**Exercise details**
For the records below, please print exactly and only the lines from the one with "панорама, утро, море, скалы, зима, Андрей" down to the one with "7b51a41d879c Gorra Para", both ends included, omitting the pictures.

══ Data for analysis

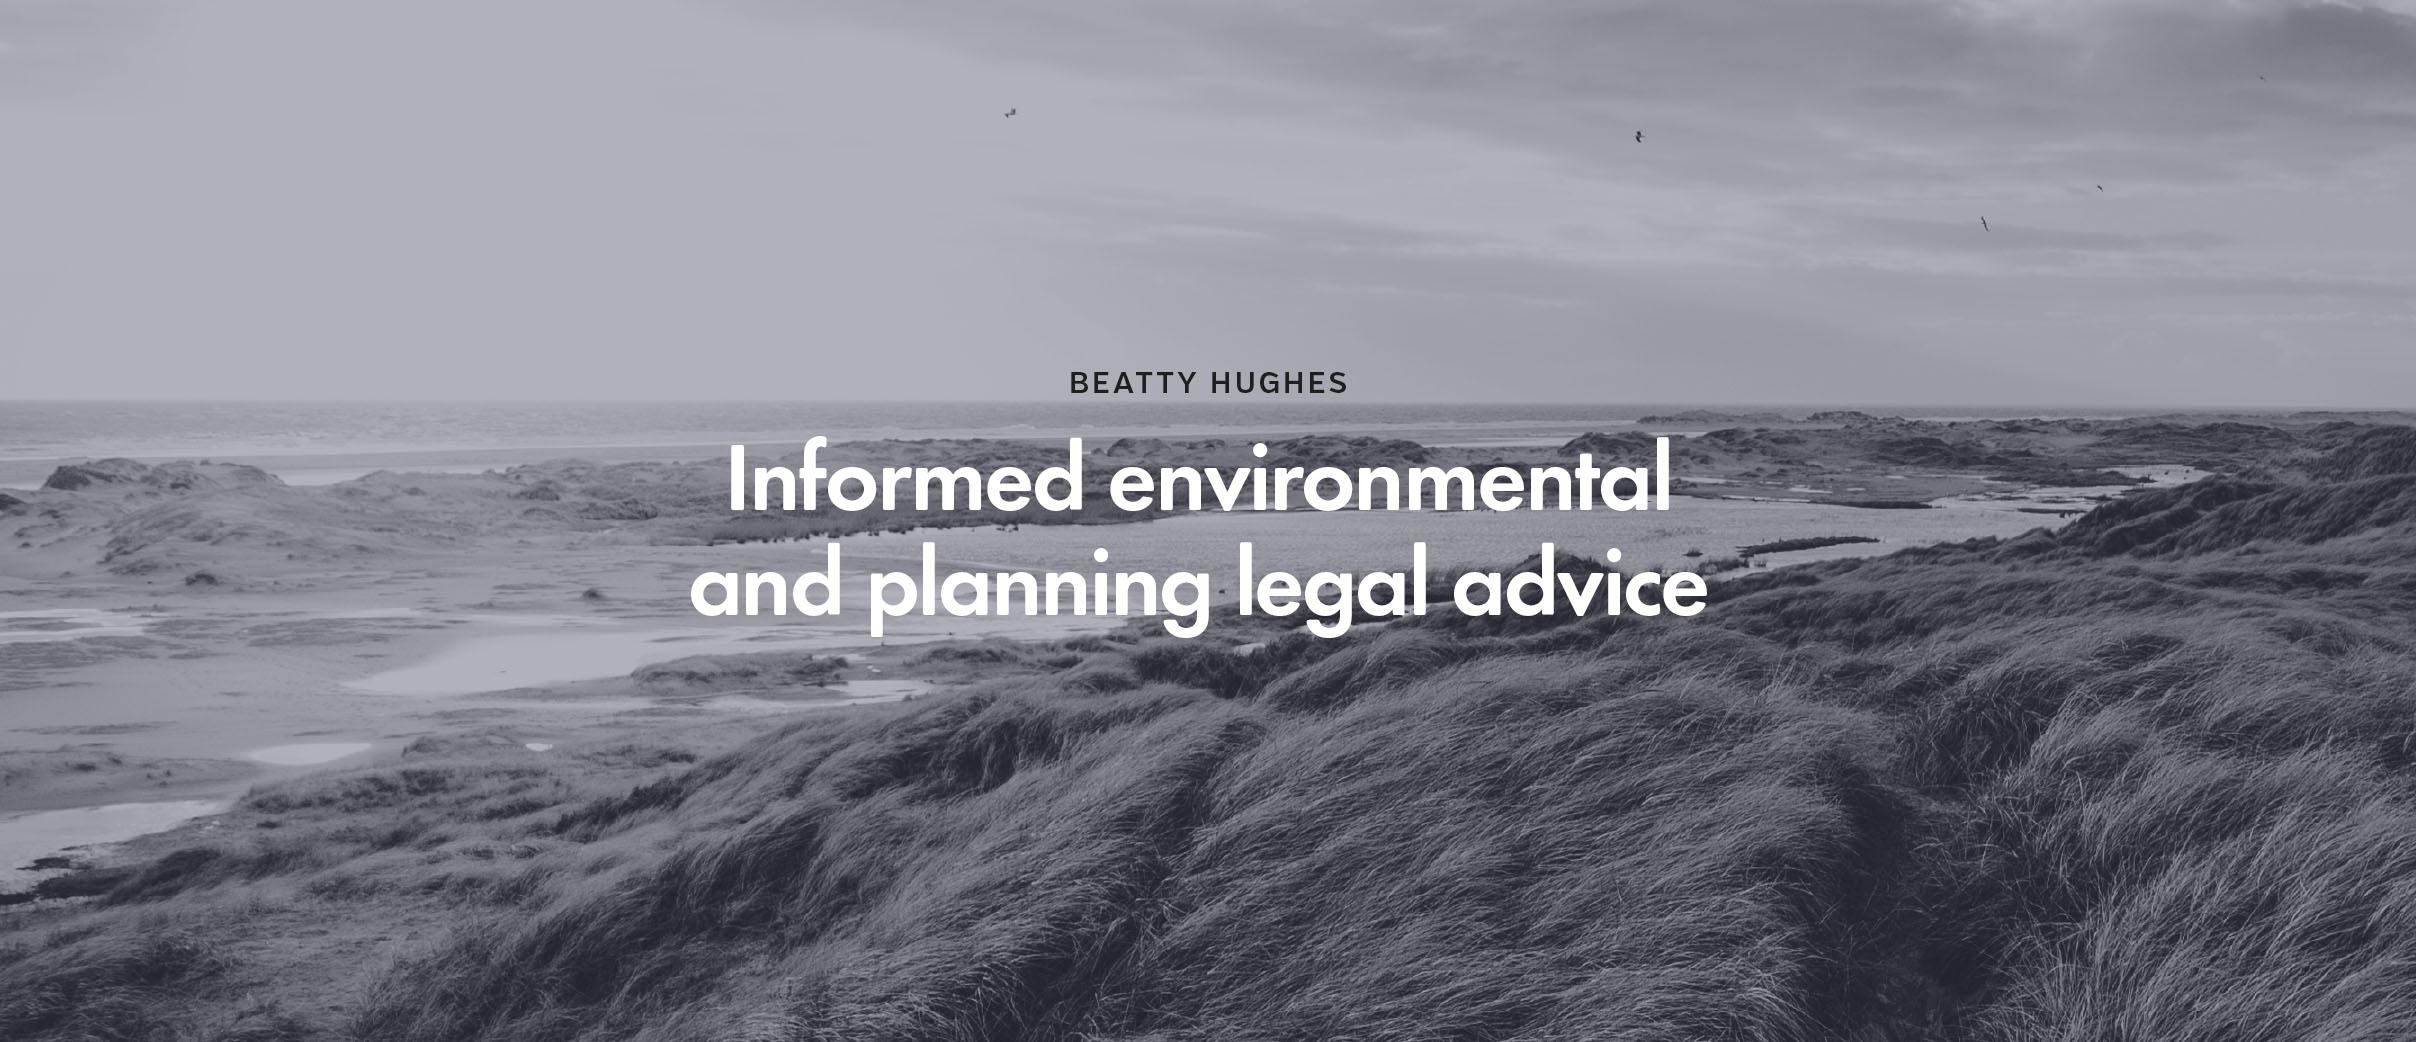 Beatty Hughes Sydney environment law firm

════
══ Data for analysis

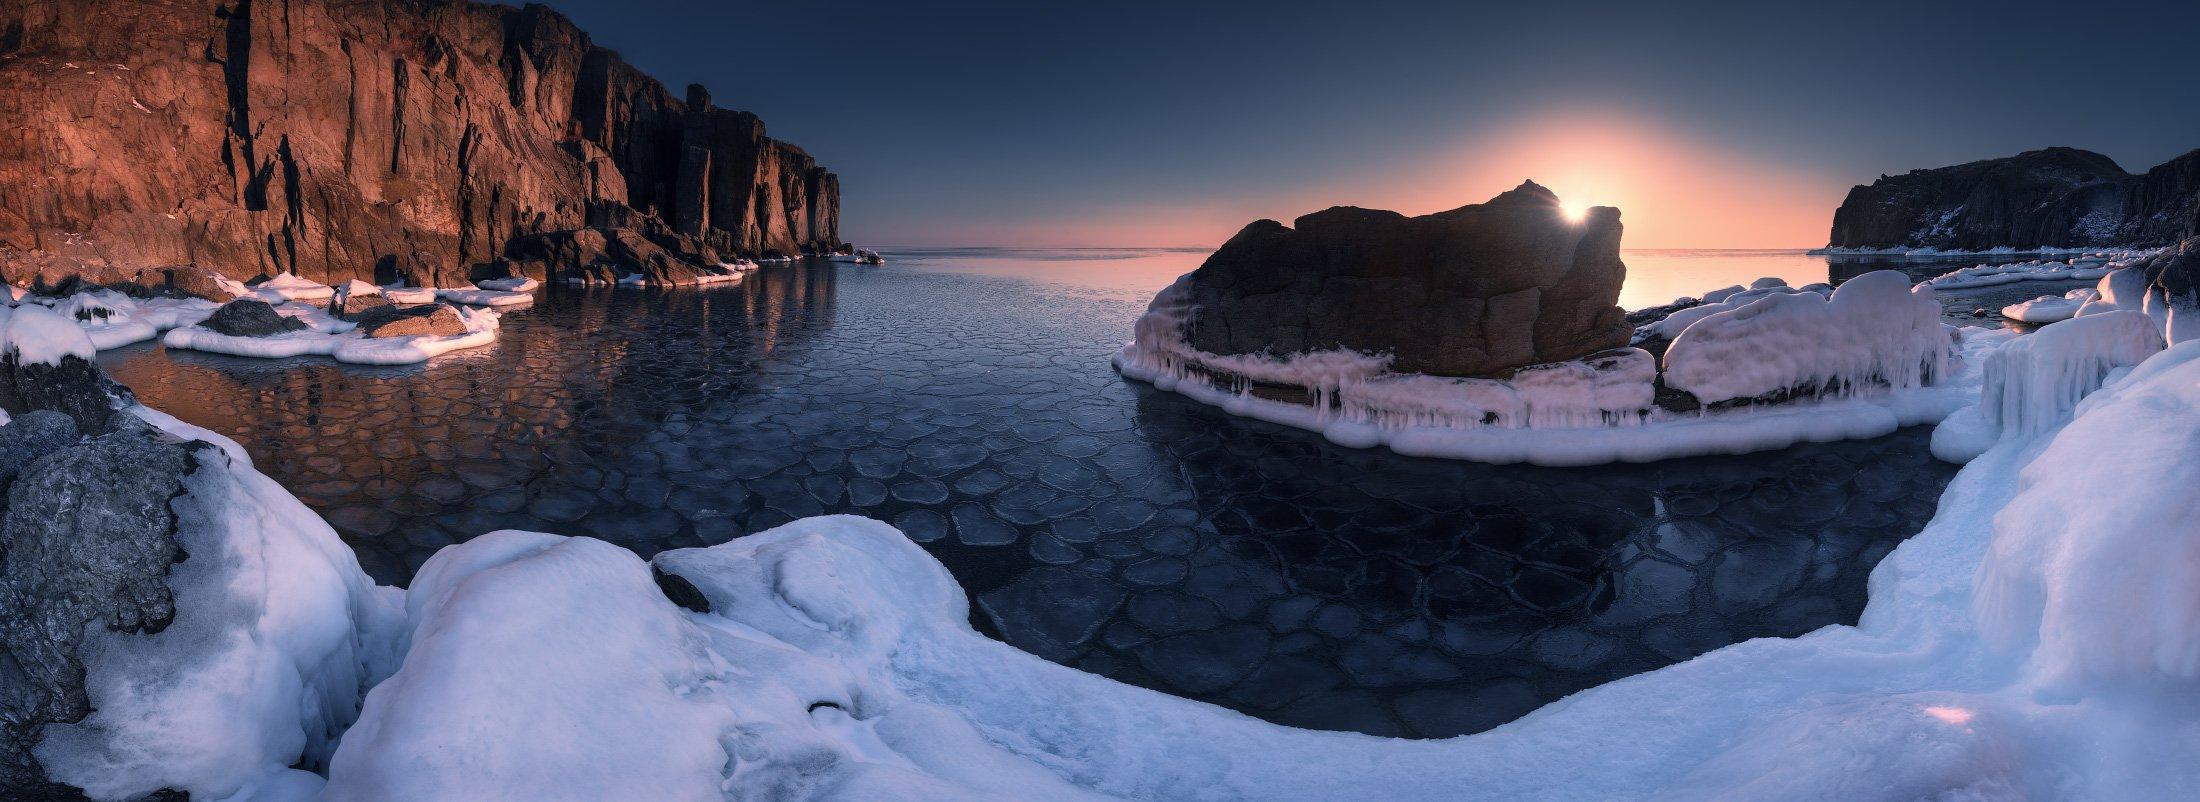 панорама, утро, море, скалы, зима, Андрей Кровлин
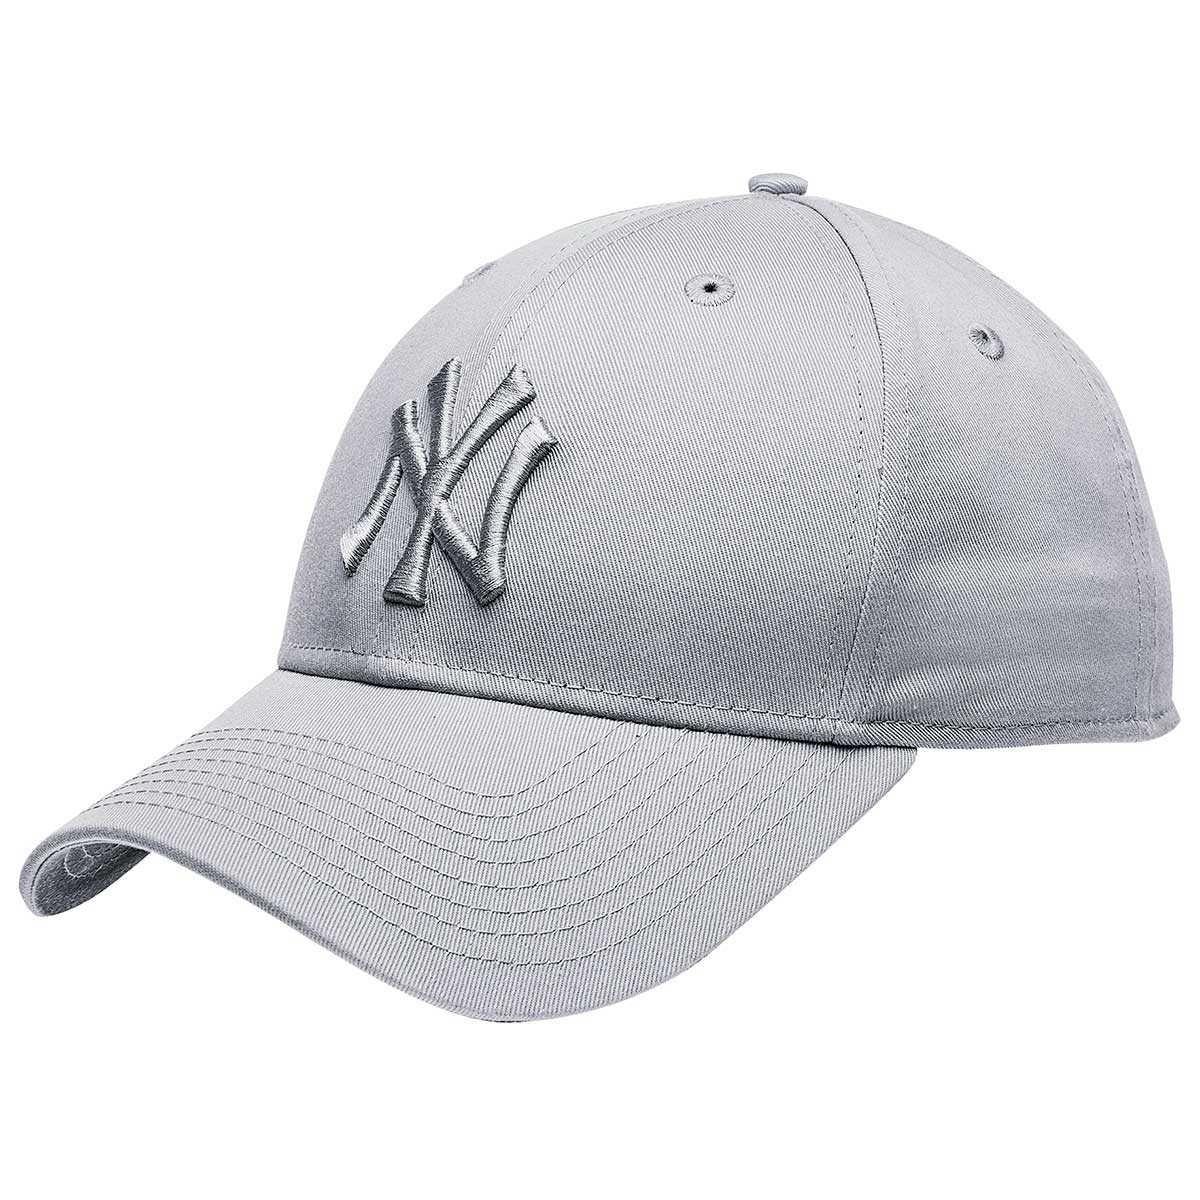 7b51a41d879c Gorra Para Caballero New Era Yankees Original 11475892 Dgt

════

**Task solution**
 панорама, утро, море, скалы, зима, Андрей Кровлин
 7b51a41d879c Gorra Para Caballero New Era Yankees Original 11475892 Dgt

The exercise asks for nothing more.